A small, slow-growing caudex from a handful of localities in the central mountain ranges of the Richtersveld, in South Africa's Northern Cape. Described by Pillans in 1934 and named for Hans Herre — the "Mesemb Father", curator of the Stellenbosch Botanic Garden for 35 years. The pale grey trunk is sparingly branched, with persistent leaf bases hardening into knobby tubercles that give the entire stem its distinctive cobbled texture. In autumn through spring it pushes out narrow, undulate succulent leaves and small yellow daisy heads; through summer it drops everything and rests completely. Winter-growing. Listed as Vulnerable by SANBI, with only four known wild localities, and threatened by collecting from the wild. Seed reaches the trade in modest quantities, and among caudex enthusiasts it is firmly a collector's piece.
Native climate
Rain concentrates in the warm season, with a dry season of roughly 6 months. Overall mild, with a wide temperature range.
* Accurate distribution data is scarce for this species, so these values are taken from the climate near the approximate center of its native range instead.
Sources: climate & elevation WorldClim 2.1 (1970–2000) · occurrences GBIF · native range POWO · current weather Open-Meteo
Care
Light & Placement
The Richtersveld receives only ~100 mm of rainfall a year, almost all in winter, and O. herrei tucks itself into rock crevices, under boulders, and on south to southeast slopes over quartz gravel. SANBI specifically recommends "morning sun or bright shade" — even in habitat the species is not a full-sun plant. Through the autumn-to-spring growing season give it as much of the weak winter sun as you can to firm up leaves and trunk, but don't push it into harsh direct light. The hard problem is summer placement for a winter-growing species: the priority is keeping the pot as cool and well-ventilated as possible. Move the pot to bright shade out of direct sun (north-facing eaves or about 50% shade cloth), raise it on a bench, and run a circulation fan. Winter indoors above 5°C on a bright window.
Watering
In autumn (September–October), once nighttime lows drop below ~20°C and leaves begin to move, restart with light watering. Through the active season, water deeply about once every two weeks. Stop when leaves yellow and drop in spring — keep the plant fully dry through summer. Watering in summer because "the soil looks dry" is the single most reliable way to kill this species.
Substrate
Drainage first, inorganic-led. Akadama : Kanuma : pumice = 3:3:4, with pumice tuned higher to dry faster. The native quartz-gravel substrate is worth keeping in mind — a thin coarse-sand topping helps reduce stagnant moisture around the trunk.
Fertilizer & Supplements
Liquid feed at double dilution once a month through the active season, or a pinch of slow-release at repotting. The species is genuinely slow; pushing fertilizer dulls the texture of the knobby tubercles.

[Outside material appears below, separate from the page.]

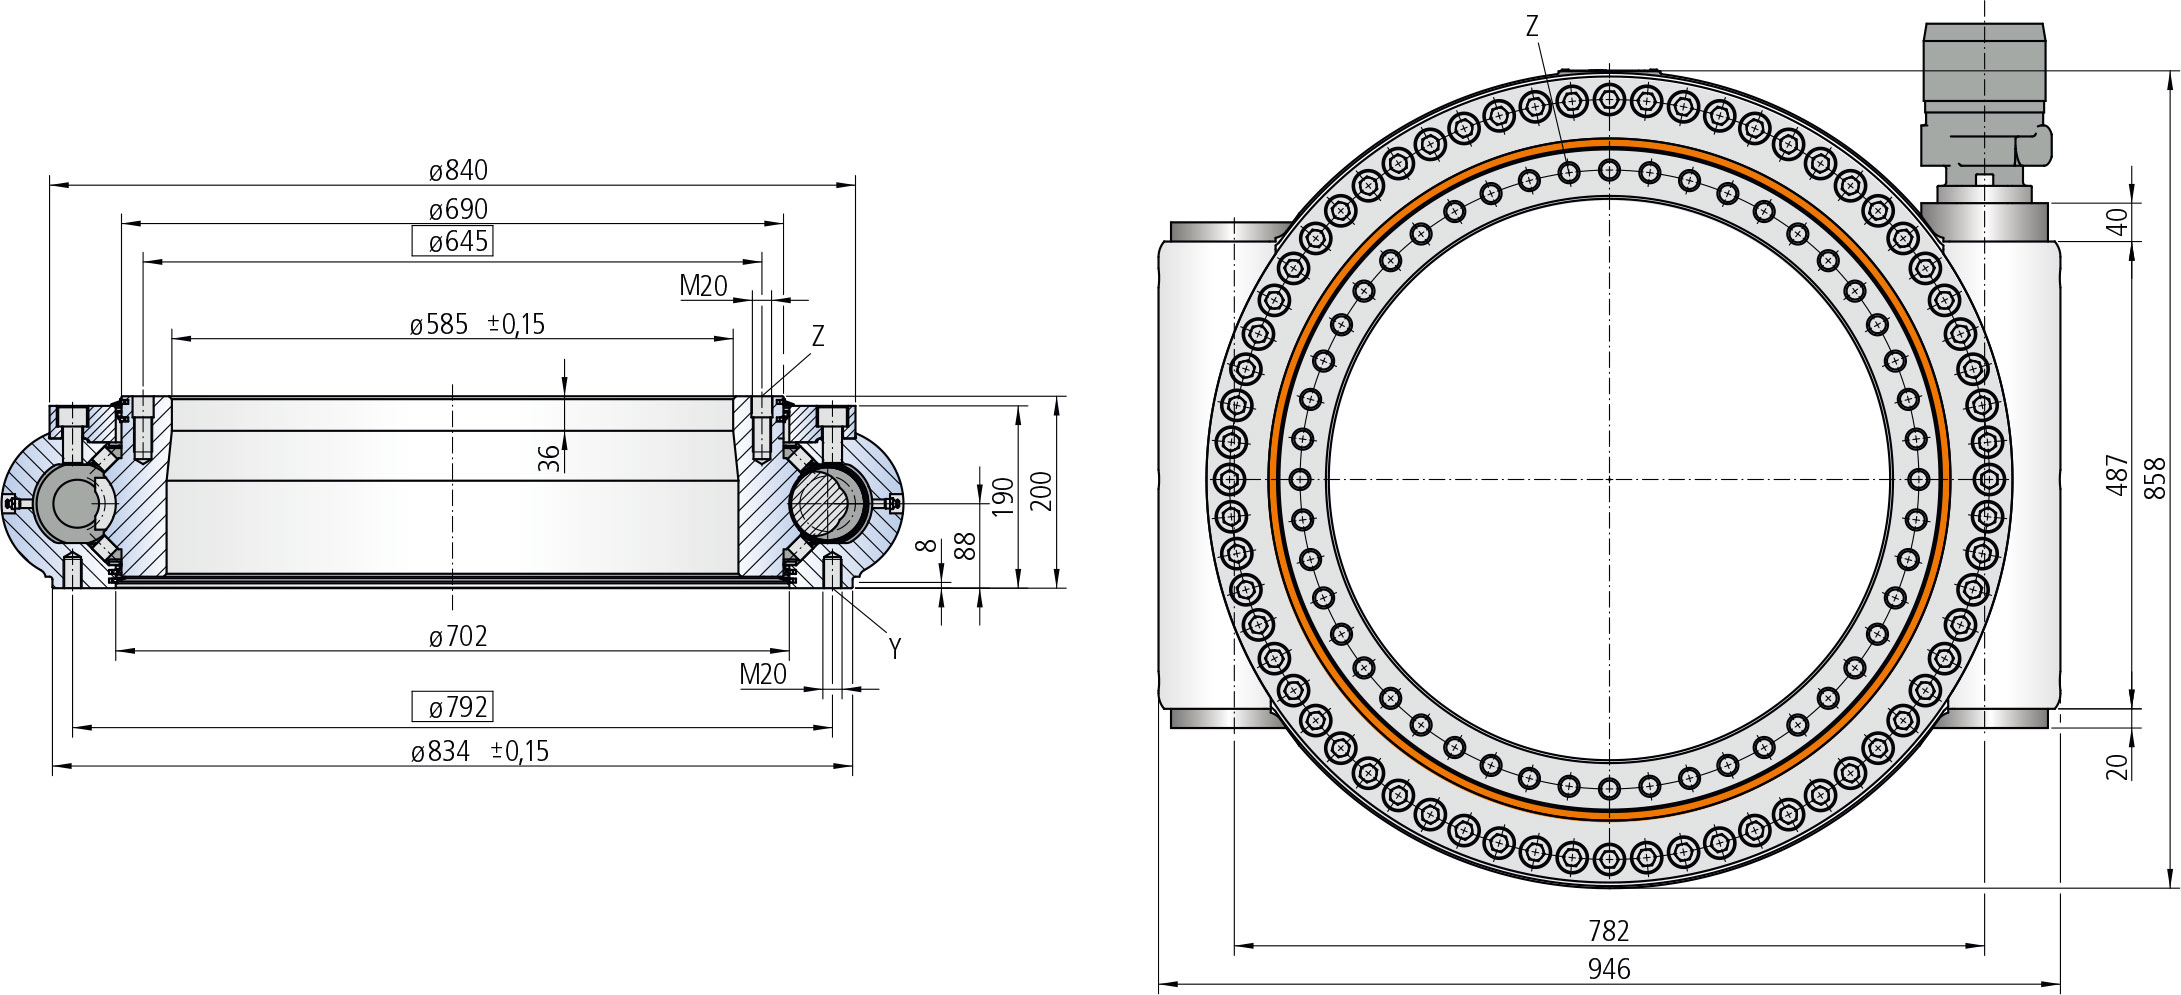 WD-H 0645 / 1 drive WD-H Series cad drawing

Temperature & Overwintering
Optimal 15–25°C; above ~30°C the plant slides into dormancy. Aim for a 5°C minimum — damp soil under cold is fatal. Hot, humid summers are harder to manage than the cold months: from June through September, prioritize shade, ventilation, and dry soil.
Starting from Seed
Where to source seeds
links go directly to the product page; the rest are scientific-name searches. Stock fluctuates — verify availability on the destination site.
Pre-sowing treatment
Soak seeds for about half a day (overnight) in a mix of a registered seed-treatment fungicide (Benlate or Daconil) and a plant tonic (Menedael; outside Japan, SUPERthrive or a chelated iron / seaweed extract works similarly), each diluted per label. Anything still on the surface is probably past its prime. The seeds are small, plumed achenes, and their viability depends on how they have been stored.
Substrate
A separate seedling mix, fine-grained and near-sterile: fine Akadama, fine Kanuma, and vermiculite in 1:1:1, sterilized with boiling water or a microwave pass. A thin topping of fine river sand helps anchor the plumed seed and keeps the surface ventilated.
Sowing method
Sow with no covering, or only the thinnest dusting so the seeds remain partly visible. The cottony pappus catches the wind, so place the seed carefully on a pre-moistened surface.
Light & temperature
Bright shade, 15–22°C. Heating to 25–30°C disrupts germination in this winter-grower. In Japan, the standard window is autumn sowing in September through November. Germination starts in 10–30 days and continues unevenly over the following one or two months.
Watering
Bottom-water 1–2 cm up the pot. For the first 2–3 weeks, prioritize not letting things dry out; drop the level gradually once seedlings are established.
Fertilizer
None right after germination. Once true leaves emerge, a heavily diluted liquid feed once or twice a month — keep it light.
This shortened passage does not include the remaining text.